Data for processing Block Start

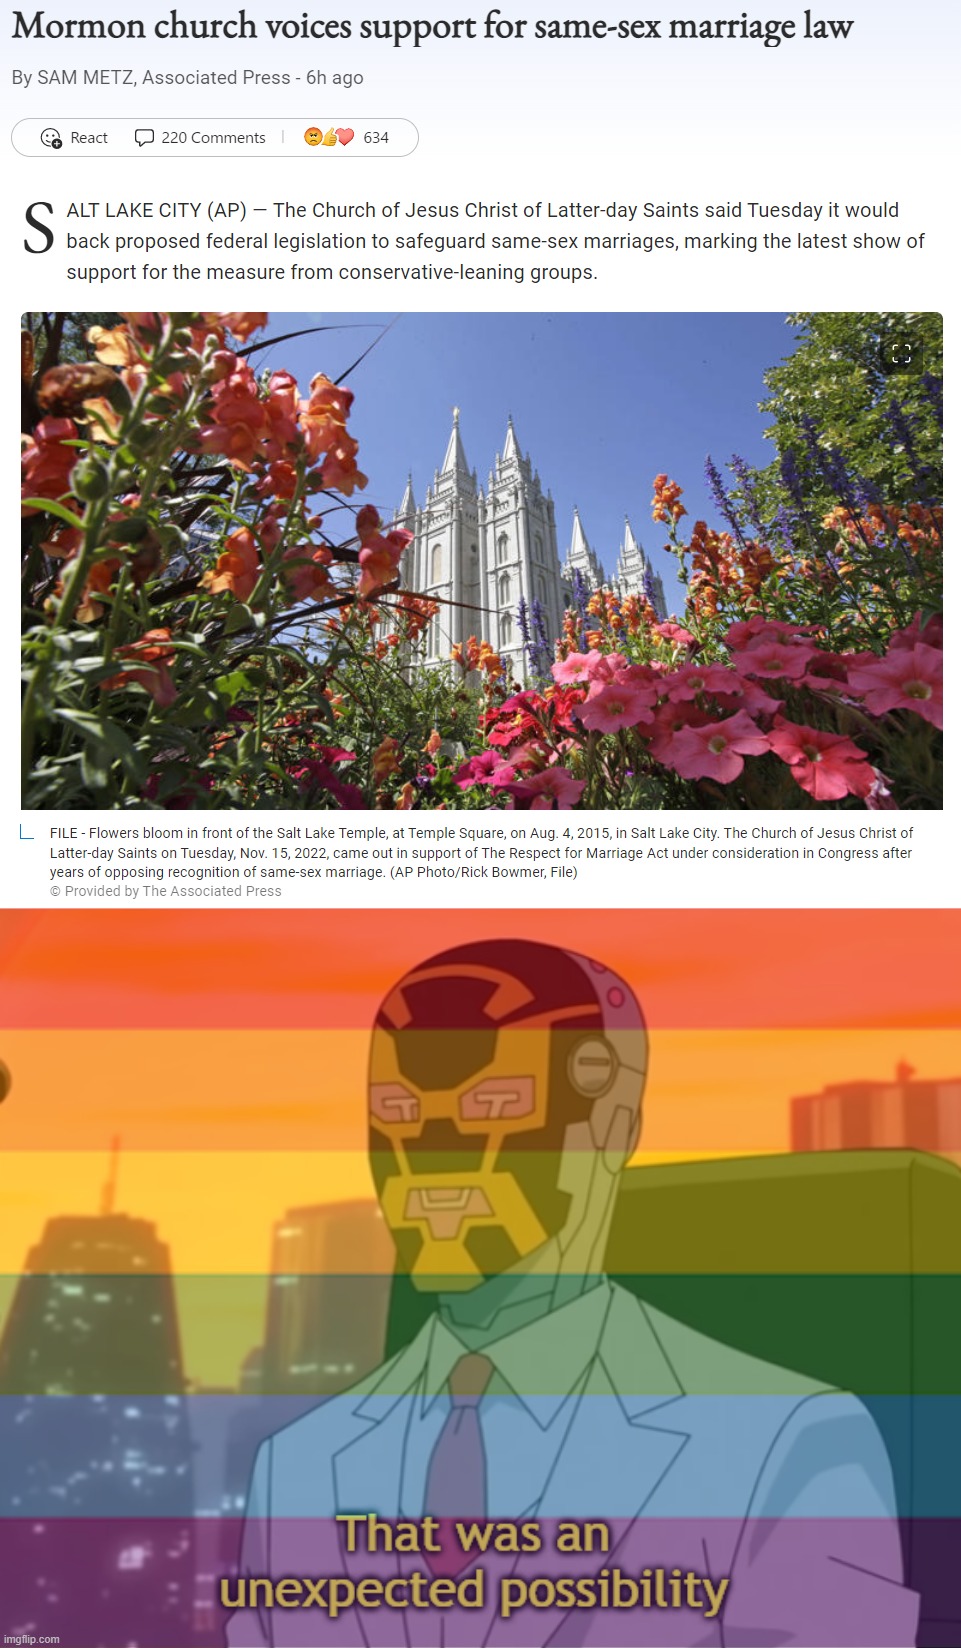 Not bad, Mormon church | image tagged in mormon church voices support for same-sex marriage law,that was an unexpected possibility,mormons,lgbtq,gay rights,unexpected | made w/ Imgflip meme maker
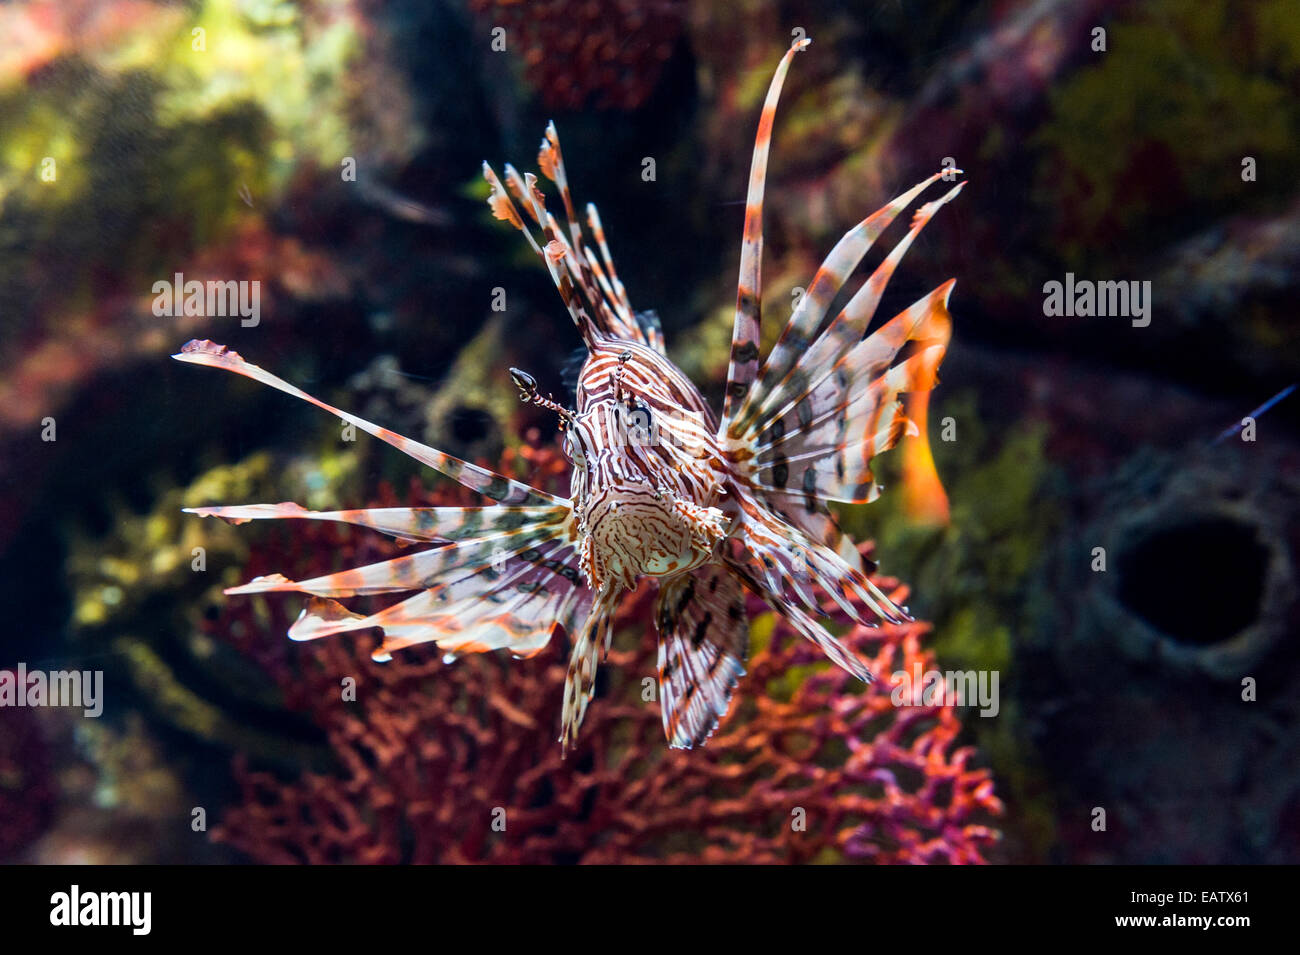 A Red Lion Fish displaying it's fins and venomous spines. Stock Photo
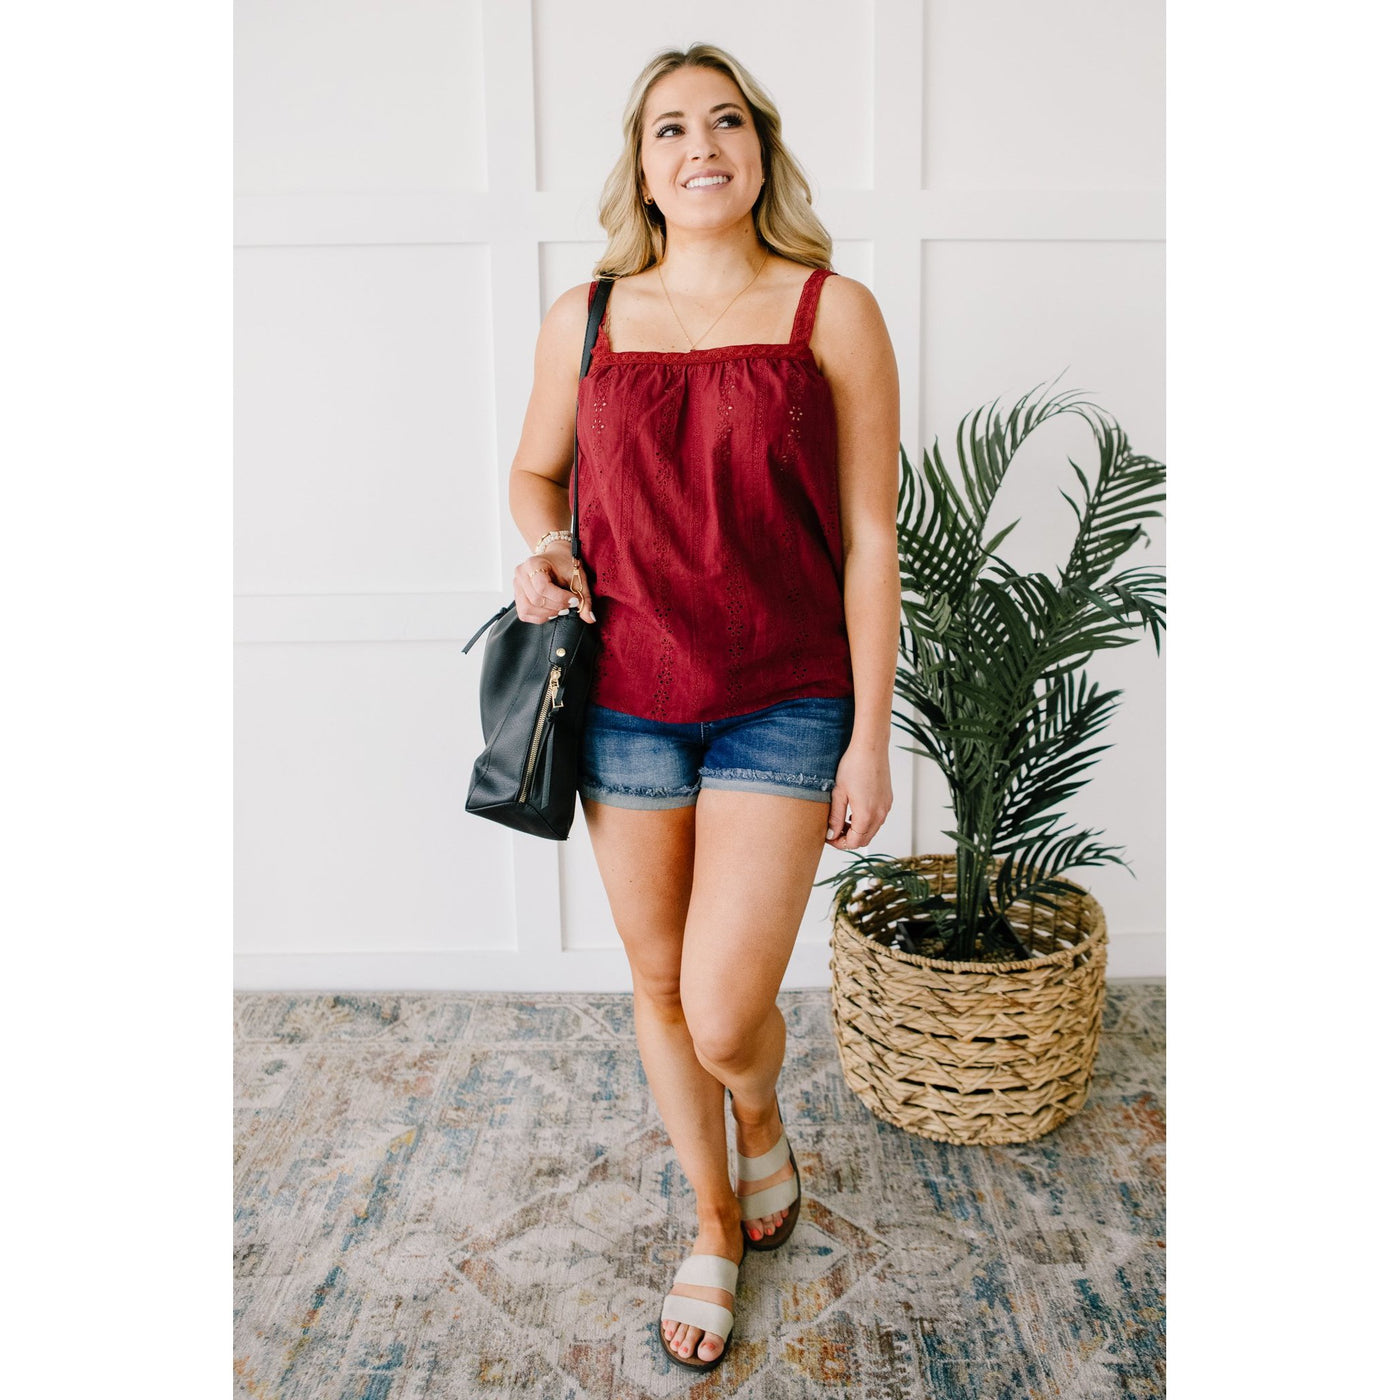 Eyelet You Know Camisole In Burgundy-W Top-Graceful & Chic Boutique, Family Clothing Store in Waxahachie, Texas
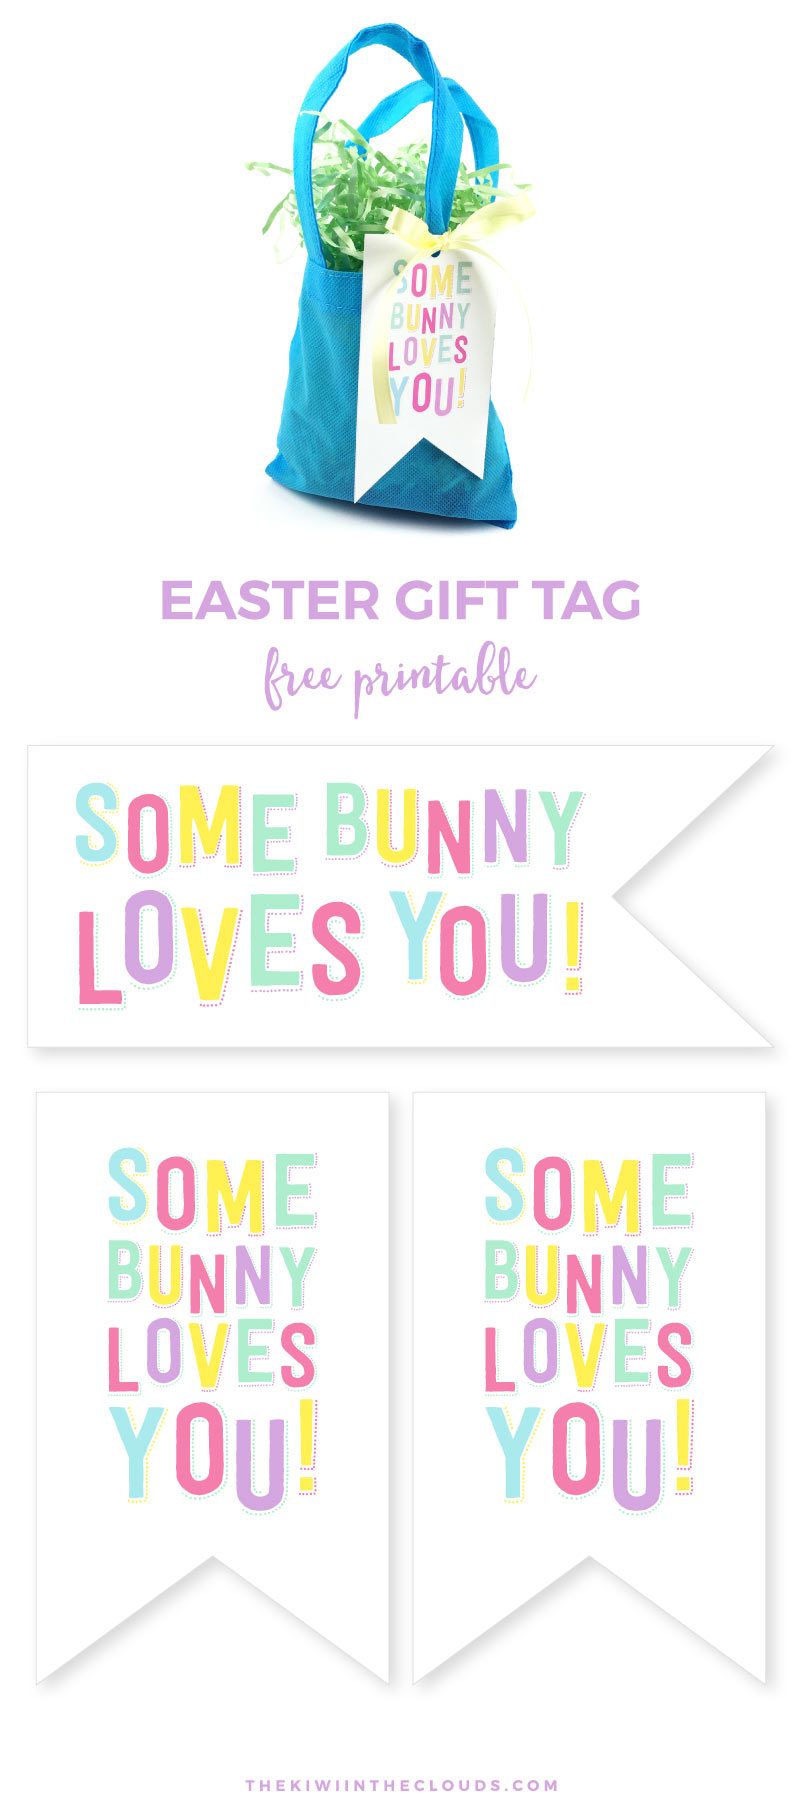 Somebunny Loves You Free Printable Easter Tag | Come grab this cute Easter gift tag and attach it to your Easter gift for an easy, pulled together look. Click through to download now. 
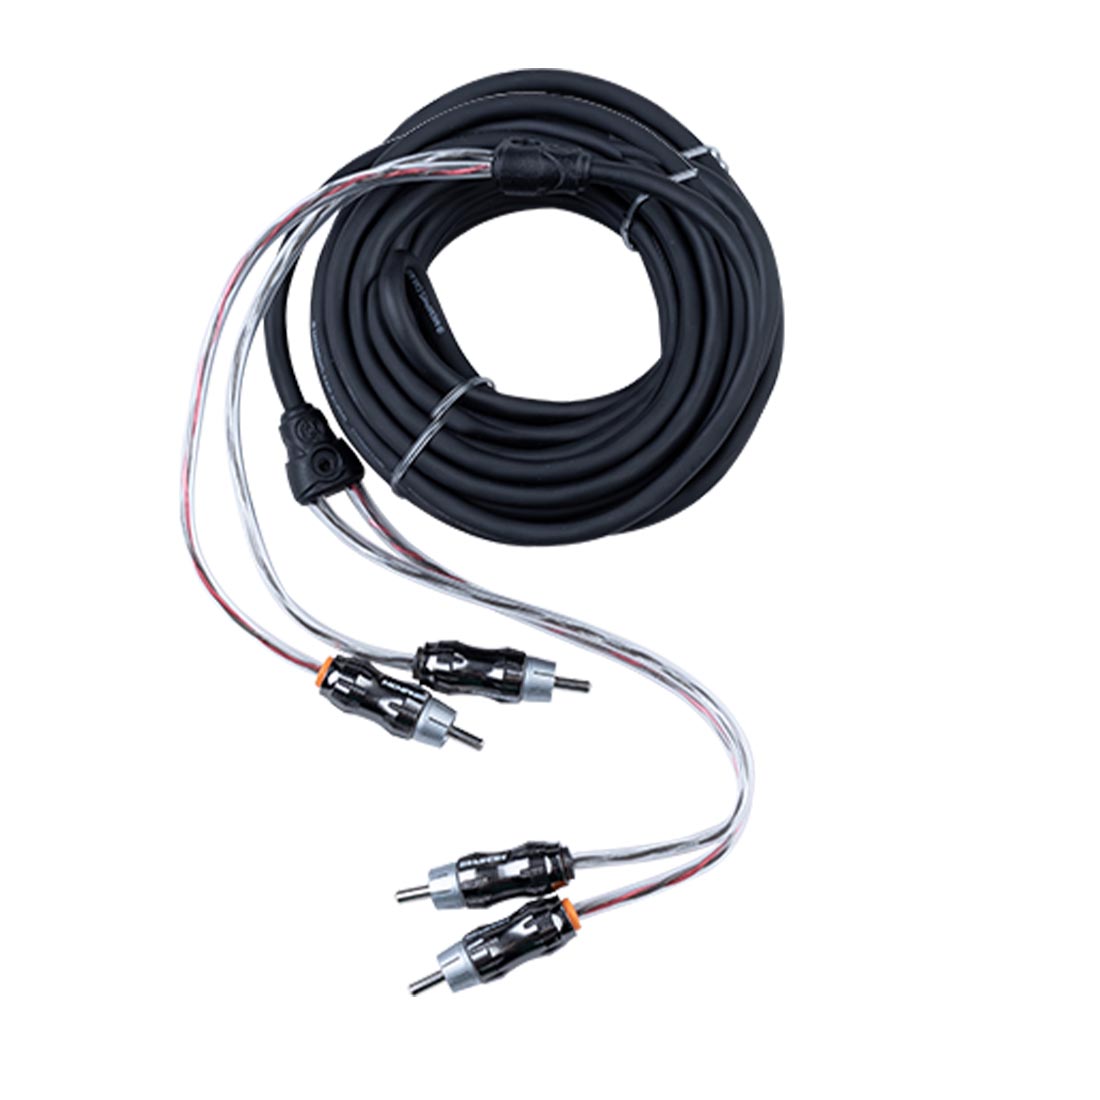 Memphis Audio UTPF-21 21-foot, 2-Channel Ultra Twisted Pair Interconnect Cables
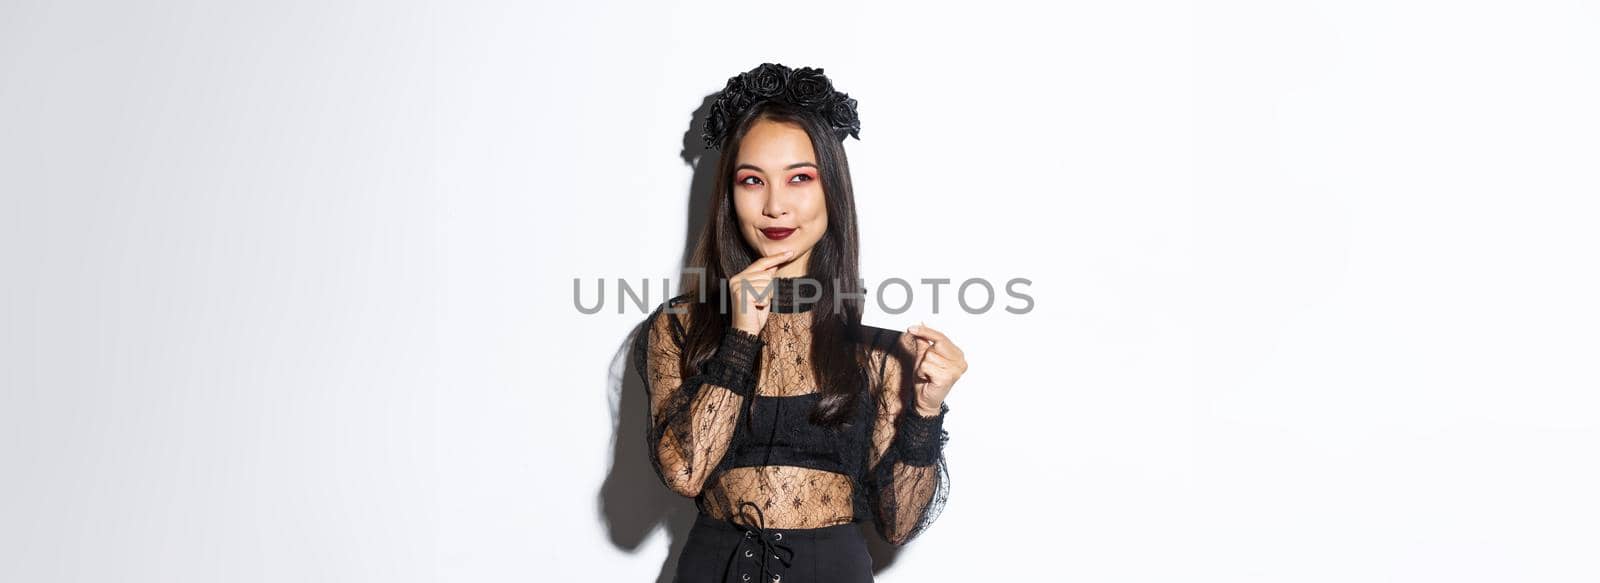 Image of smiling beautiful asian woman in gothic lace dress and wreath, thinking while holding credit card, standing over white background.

Data for processing Block End

Here the job is to print all the entries above exactly, minus the images.

**Solution:**
 Not bad, Mormon church | image tagged in mormon church voices support for same-sex marriage law,that was an unexpected possibility,mormons,lgbtq,gay rights,unexpected | made w/ Imgflip meme maker
 A Red Lion Fish displaying it's fins and venomous spines. Stock Photo
 Eyelet You Know Camisole In Burgundy-W Top-Graceful & Chic Boutique, Family Clothing Store in Waxahachie, Texas
 Somebunny Loves You Free Printable Easter Tag | Come grab this cute Easter gift tag and attach it to your Easter gift for an easy, pulled together look. Click through to download now. 
 Memphis Audio UTPF-21 21-foot, 2-Channel Ultra Twisted Pair Interconnect Cables
 Image of smiling beautiful asian woman in gothic lace dress and wreath, thinking while holding credit card, standing over white background.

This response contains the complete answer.